В журнале «Литературный критик» работал замечательный литературовед Федор Левин (1901–1972), друг Платонова, автор монографии о Бабеле, отважный защитник словесности от идеологического кнута. Именно Левин в тридцать восьмом осторожно, хоть и язвительно, стал критиковать «Флаги на башнях». В статье «Четвертая повесть А.Макаренко» он дал читателю понять, что перед ним социальная утопия, имеющая мало общего с реальностью; что Макаренко идеализирует и абсолютизирует свой опыт, а пишет все слабее. Это было беспрепятственно напечатано и даже подхвачено, несмотря на негодующие отклики самих воспитанников Макаренко, героев повести, утверждавших, что в ней все правда. Одновременно в «Литературной газете» появилась пародия Александра Флита (вот уж злюка, куда Архангельскому) «Детки в сиропе. Фрагмент медового романа»: «Еще весеннее солнышко блистало на небосклончике в пурпуровом закатике, как прибывшему утром в колонию очаровательному Петьке стало стыдно за себя и за свое прошлое. Он, улыбаясь, переродился к всеобщему удовольствию всей белоснежной и нарядной бригады. Петькины розовые ручонки в ослепительно белых манжетиках весело тянулись к коллективу».

Парадокс заключается в том, что и Флит, и Левин пережили большой террор и самого Сталина: обоих, правда, громили в 1947 году — Левина за поддержку Платонова, Флита за пародии в «Ленинграде», — но тем и ограничились.
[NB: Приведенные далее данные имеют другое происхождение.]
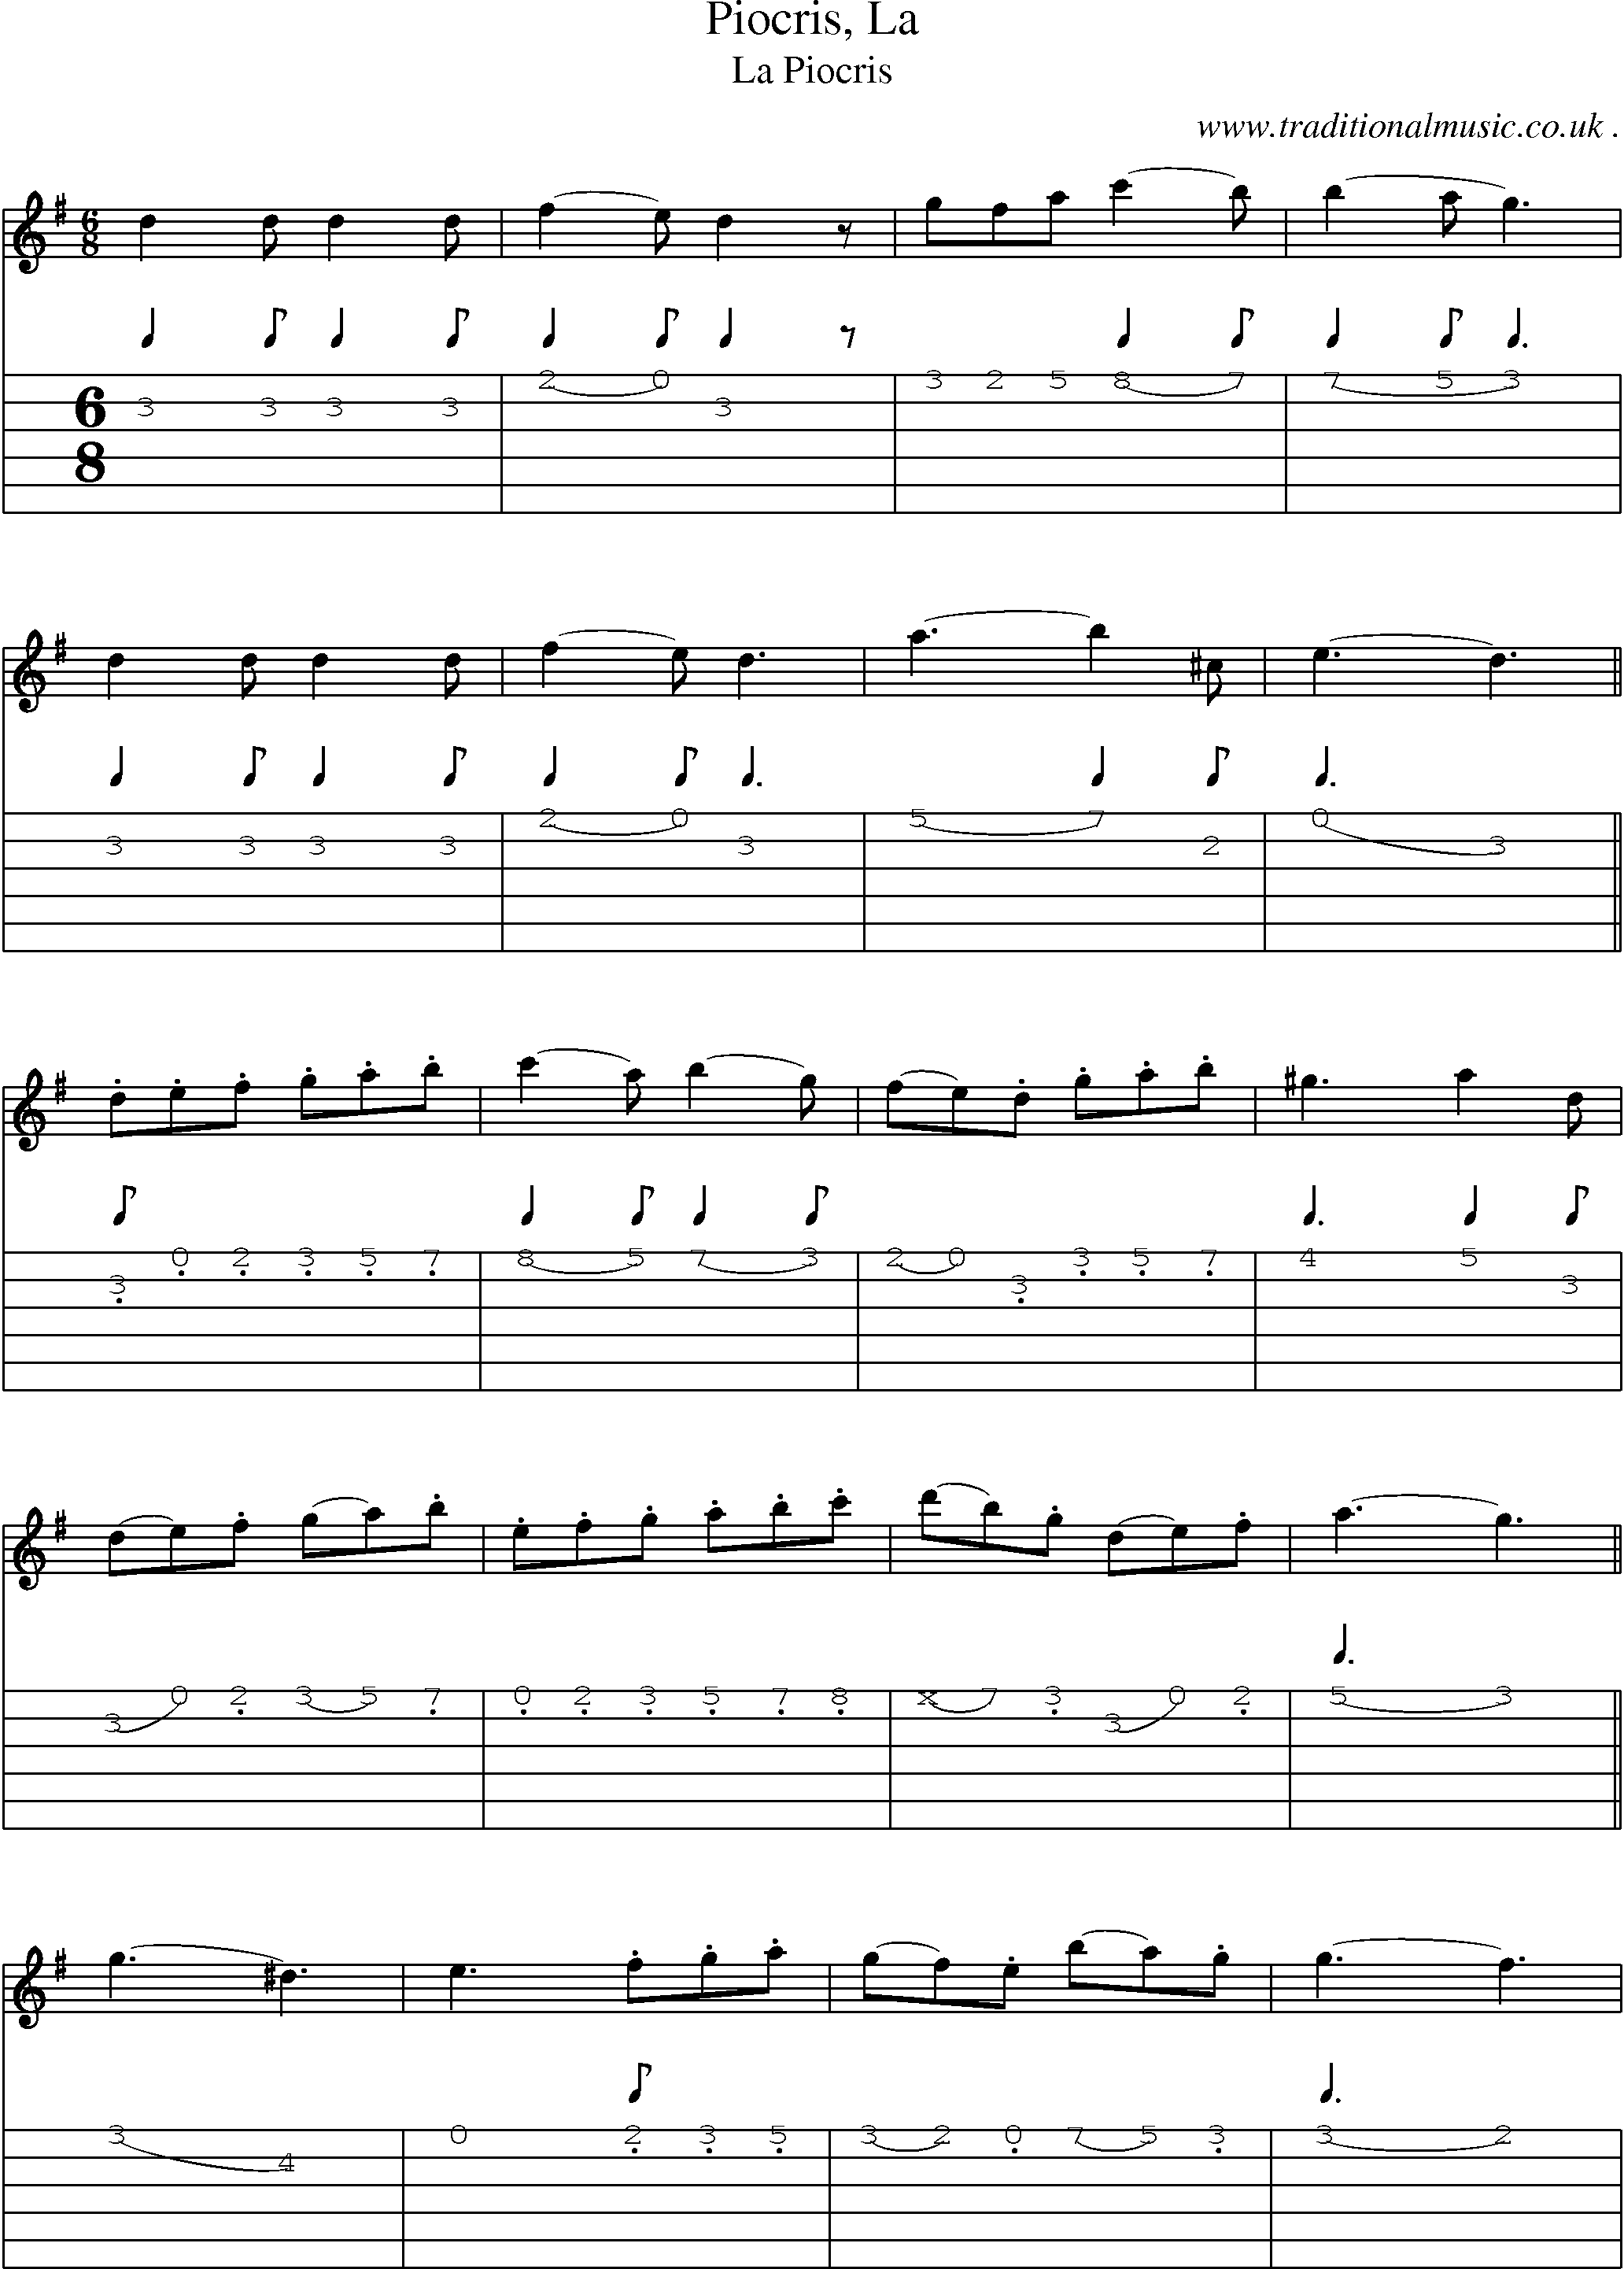 Sheet-Music and Guitar Tabs for Piocris La

В 1938 году Макаренко был опаснее своих литературных оппонентов, не веривших в дело создания нового человека и не особенно это скрывавших. Тогда в это вообще уже мало кто верил. Горький — главный апологет этой антропологической революции, доходивший в ее пропаганде до восторженного очерка о Соловках или книги о Беломорканале, — был последним, кто пытался отстаивать ее. К 1939 году в СССР победила безнадежная архаика — палочная дисциплина, египетская пирамида. Макаренко надолго подверстали именно к этому проекту, хотя сталинцы были вовсе не сторонниками революции, а ее могильщиками.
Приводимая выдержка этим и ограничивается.